Эта книга не была бы написана без щедрой помощи множества отдельных людей и организаций. Благотворительный фонд Weatherhead Foundation обеспечил финансовую поддержку, позволившую развить проект. Дональд Прайс, бывший декан гарвардской Школы управления имени Кеннеди, и Тан Густафсон известили меня о существовании этого источника финансирования. Управление грантом от фонда Уизерхеда осуществлял Центр российских исследований Гарвардского университета. Я благодарен Абраму Бергсону, возглавлявшему центр, когда я начал исследование, а также Неду Кинану, Адаму Уламу, Маршаллу Голдману и Мэри Таул за поддержку, оказанную мне на ранних этапах работы, и терпеливое отношение к задержкам, несколько раз отодвигавшим завершение книги. Я также благодарен Совету по международным исследованиям и научному обмену, Фонду гуманитарных наук Оклахомы, Управлению исследований и Летней исследовательской программе для профессоров Университета Талсы за дополнительную финансовую поддержку.
Несколько учреждений обеспечили мне условия для исследований и собственно написания книги.
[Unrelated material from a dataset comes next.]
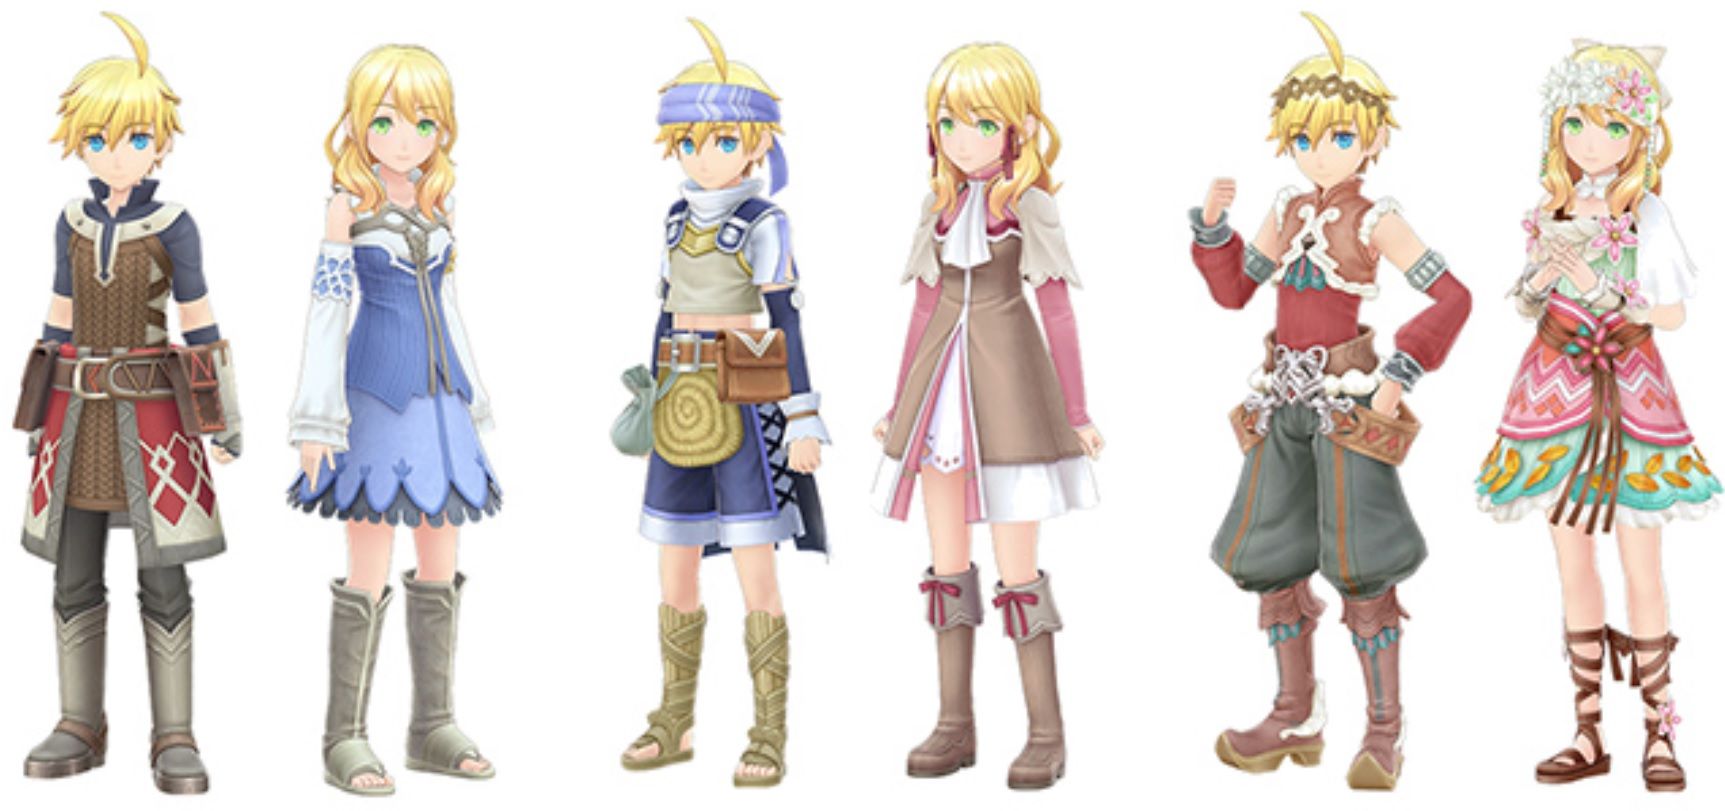 Rune Factory 5 Outfits List and How to Change.

Работа в качестве приглашенного преподавателя облегчила мне доступ к коллекциям не только Центра российских исследований и Университета Талсы, но и трех других учреждений; я благодарен Школе славистики и восточноевропейских исследований Лондонского университета и историческим факультетам университетов штата Огайо и Джорджтауна. Очень полезной для меня оказалась также замечательная дискуссионная площадка Летнего славяноведческого семинара в Университете Иллинойса.
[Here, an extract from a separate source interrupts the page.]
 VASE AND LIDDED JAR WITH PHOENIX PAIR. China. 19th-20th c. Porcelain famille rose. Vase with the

Документы по истории армии и вооружения, а также деловые записи часто бывают недоступны, а смысл содержания доступных сплошь и рядом оказывается скрыт. Хотя я и не имел доступа к неопубликованным документам в советских архивах, о развитии индустрии стрелкового оружия можно было судить по опубликованным отчетам. Я набрал множество читательских билетов. Я благодарен Справочной библиотеке славянских языков Университета Иллинойса и в особенности Хелен Салливан и Ларри Миллеру за неустанную помощь в поиске малоизвестных источников. Я также хотел бы поблагодарить Дж. С. Г. Симмонса из Оксфордского университета и сотрудников Библиотеки Конгресса, Британской библиотеки, Нью-Йоркской публичной библиотеки, Государственной библиотеки СССР им. В. И. Ленина, Ленинградской публичной библиотеки1, библиотеки Смитсоновского института, библиотек университетов Гарварда, Колумбийского, Хельсинкского и штата Огайо, а также отдела межбиблиотечного абонемента Университета Талсы. Кураторы и архивисты различных учреждений (Национальный архив; отдел эстампов и фотографий Библиотеки Конгресса; отдел истории вооруженных сил Национального музея американской истории; Библиотека штата Коннектикут, Историческое общество Коннектикута и Атенеум Уодсворта в Хартфорде; Государственный архив, Национальный морской музей, Королевский артиллерийский институт, Музей национальной армии, Оружейная палата Лондона и Имперский военный музей в Лондоне; Музей оружия Пехотного училища в Уорминстере; Американский музей точности в Виндзоре (штат Вермонт); Музей и Библиотека Хэгли в Уилмингтоне; Библиотека Йельского университета; и Архивная служба Западного Йоркшира в Лидсе) открывали передо мною свои коллекции или помогали найти неопубликованные или графические источники.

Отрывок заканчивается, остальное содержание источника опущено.